INFORMATION SUPPLIED —
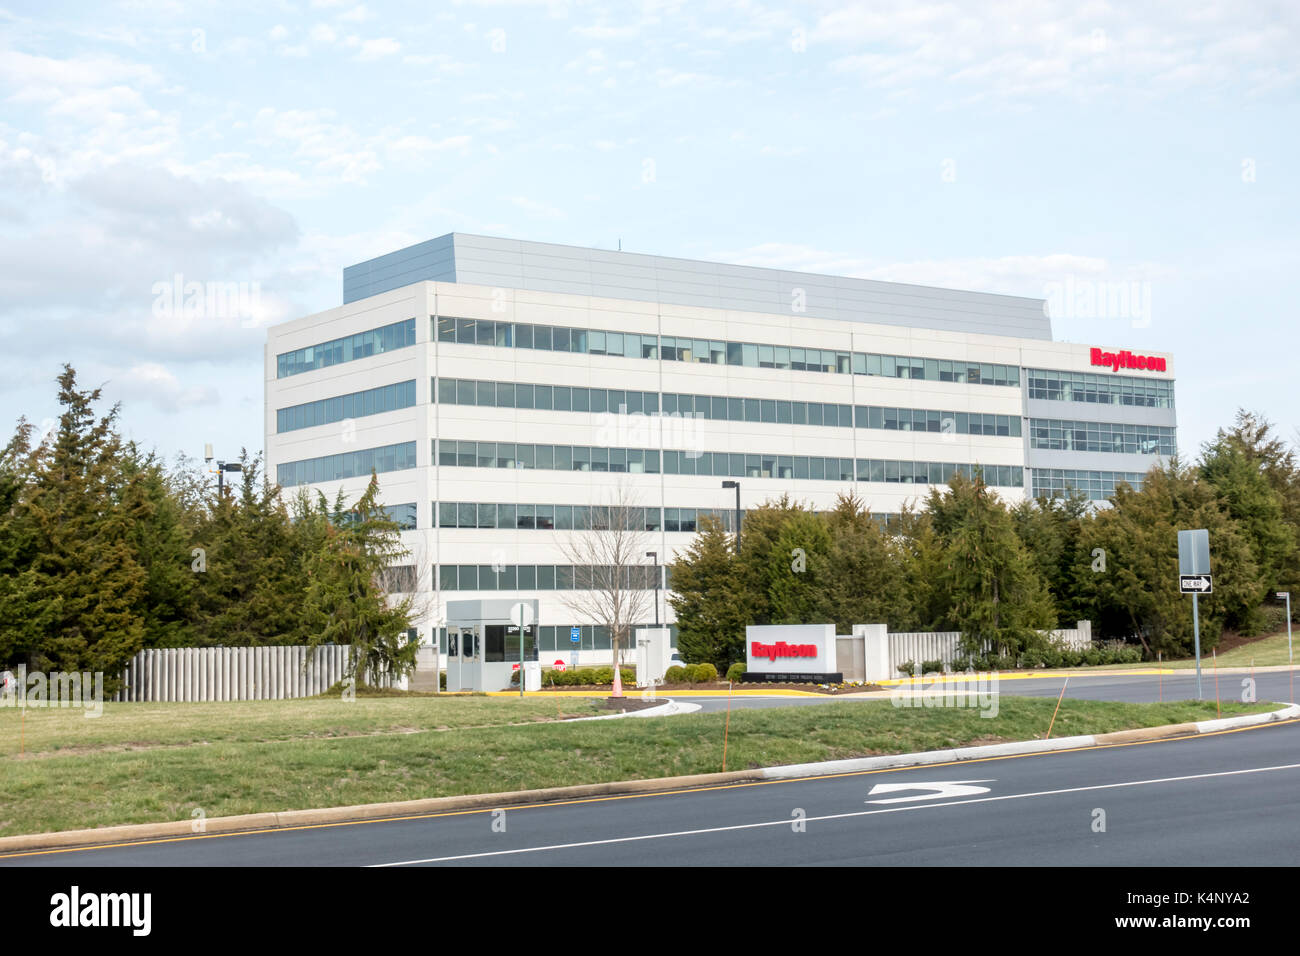 Sterling, VA, USA - March 27, 2017: Raytheon office building in Sterling Virginia. Raytheon is a U.S. Defense Contractor. Stock Photo
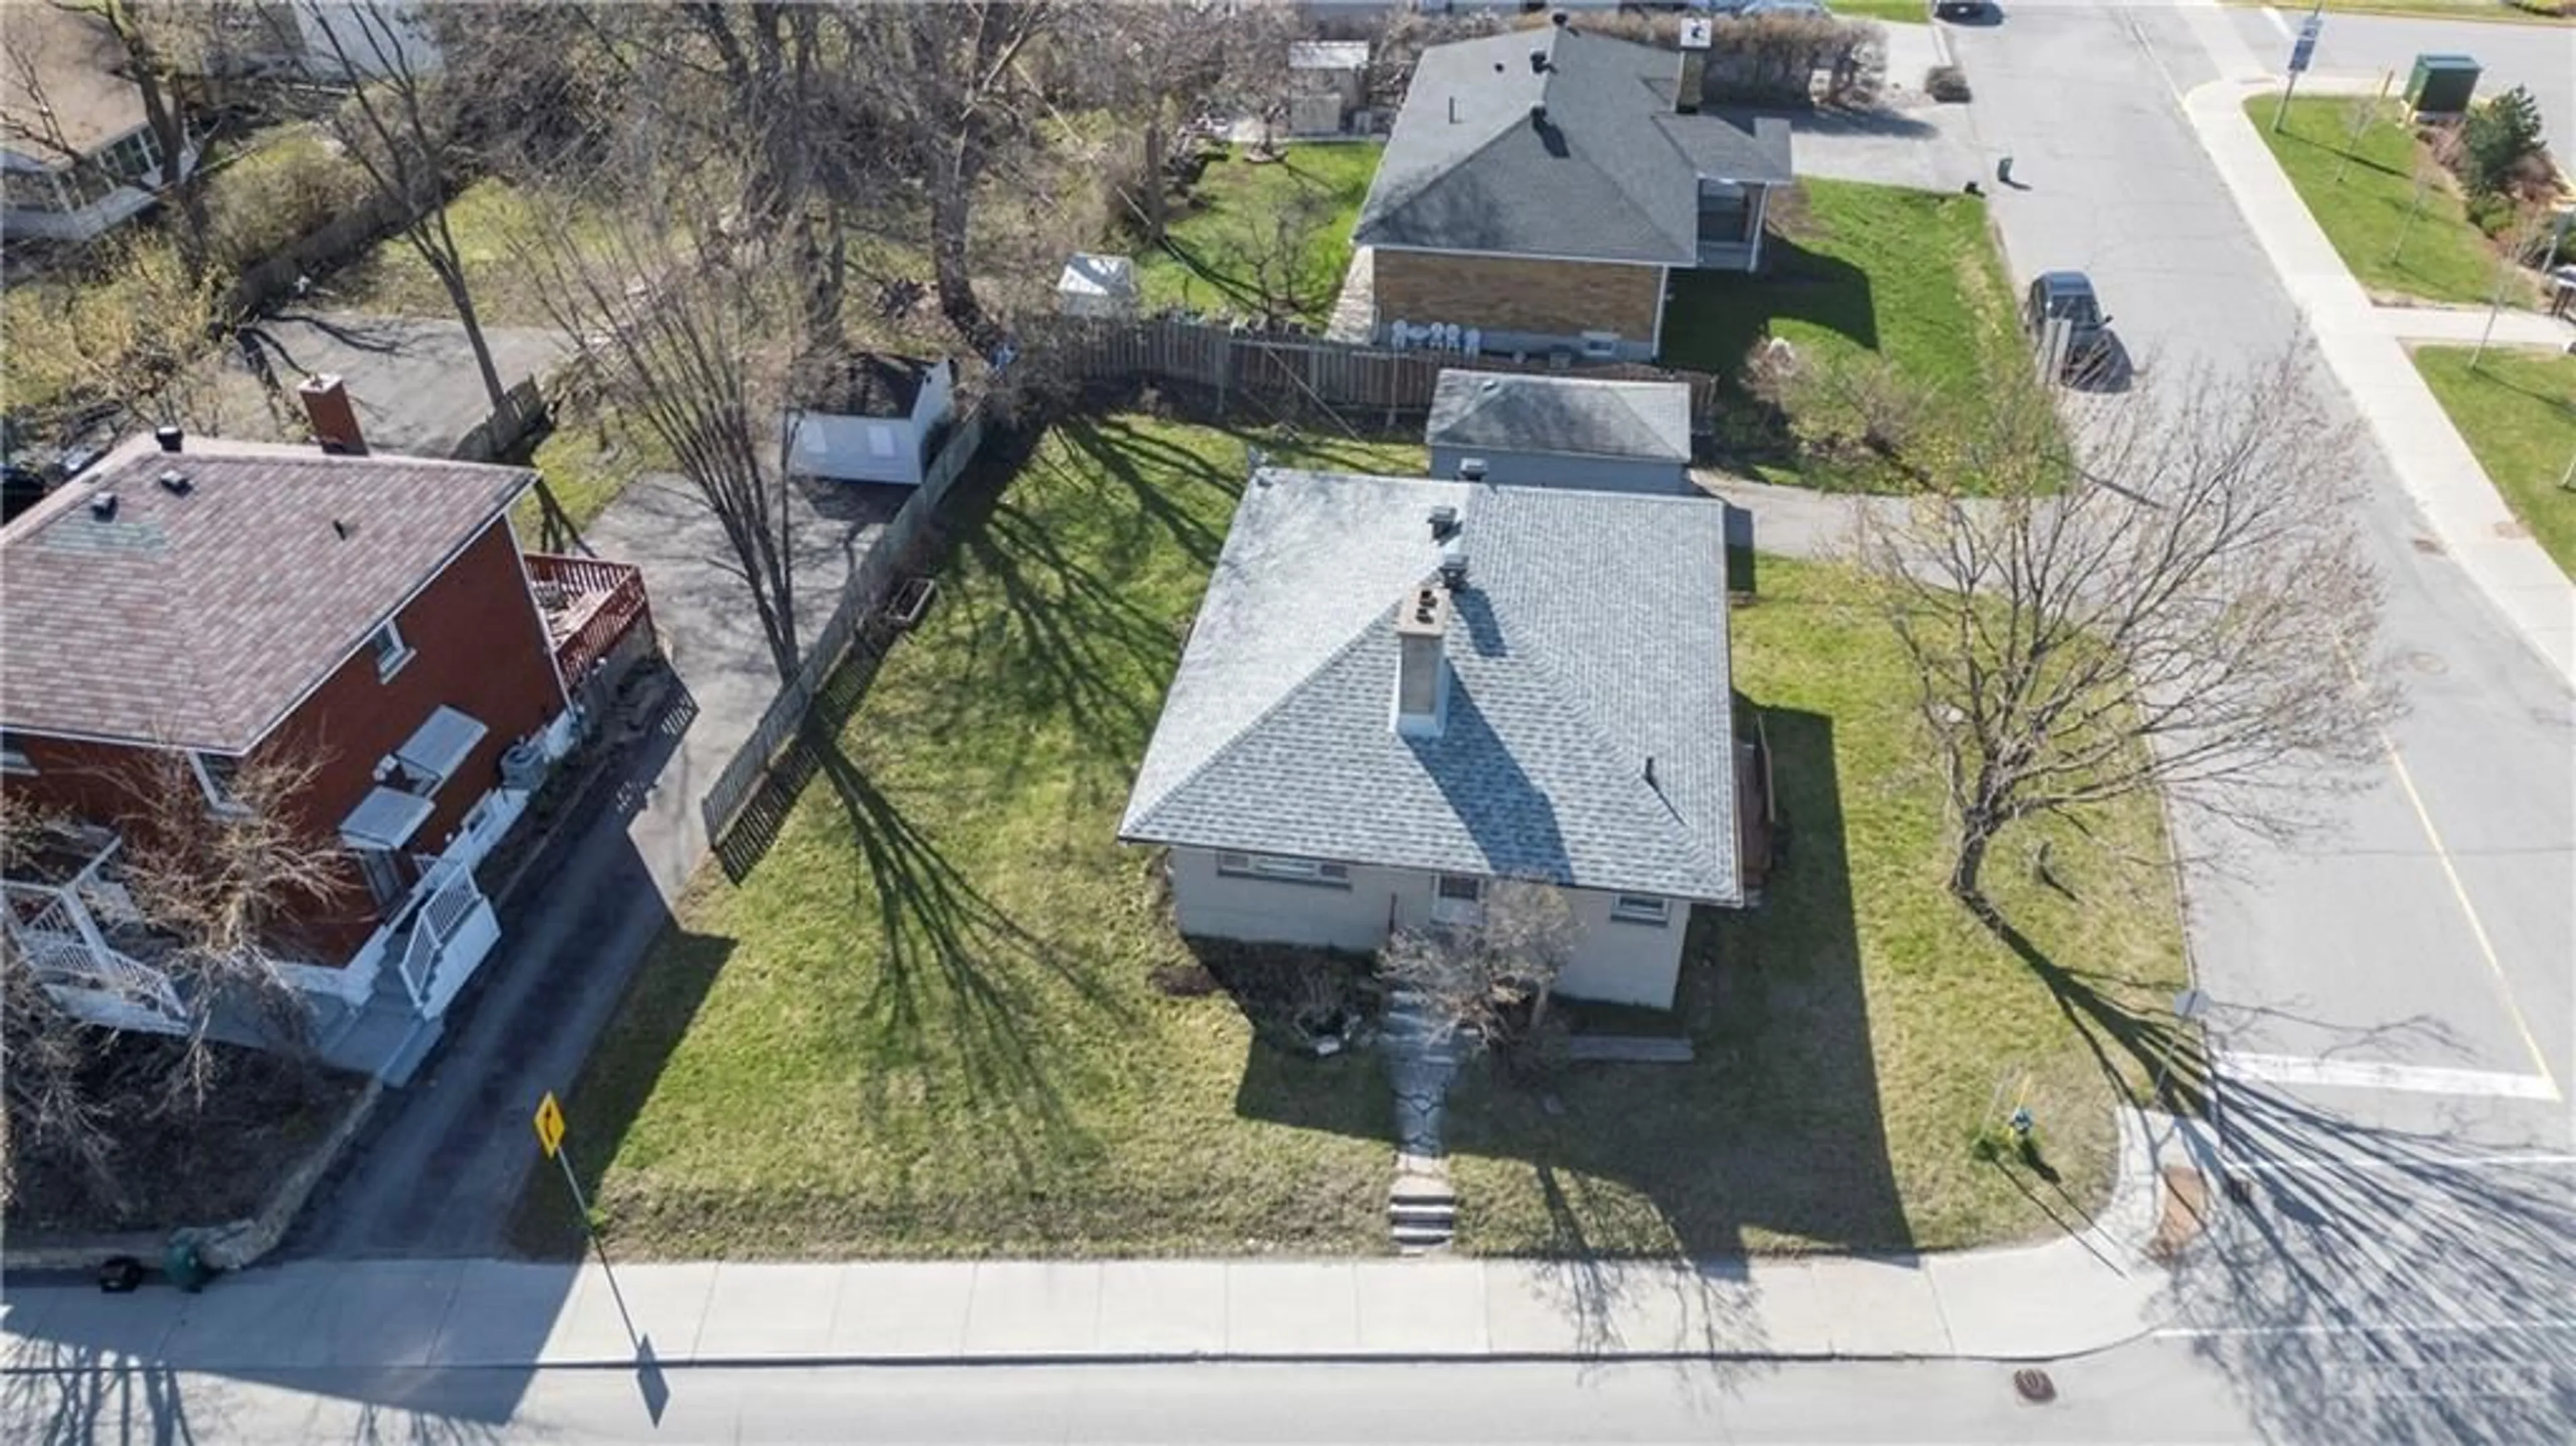 Frontside or backside of a home for 2114 CARLING Ave, Ottawa Ontario K2A 1G9
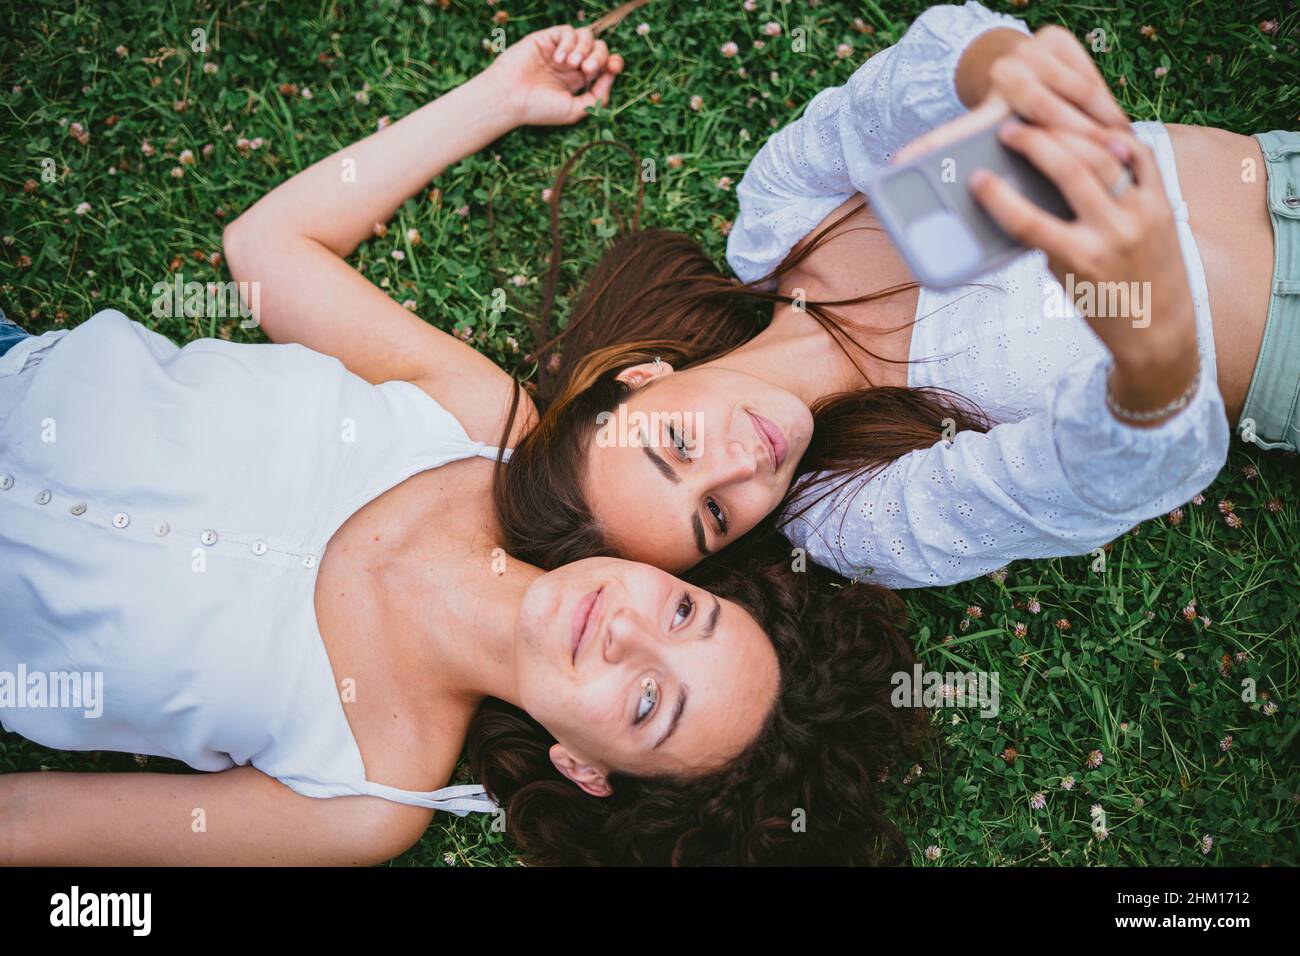 Two friends taking a selfie photo while they are laying down on the grass in a park. Stock Photo

TRY IT — From the line that holds "Frontside or backside" to the last line of the data, return those lines exactly and nothing else; both ends count, and pictures stay out.

COMPLETED TASK —
 Frontside or backside of a home for 2114 CARLING Ave, Ottawa Ontario K2A 1G9
 Two friends taking a selfie photo while they are laying down on the grass in a park. Stock Photo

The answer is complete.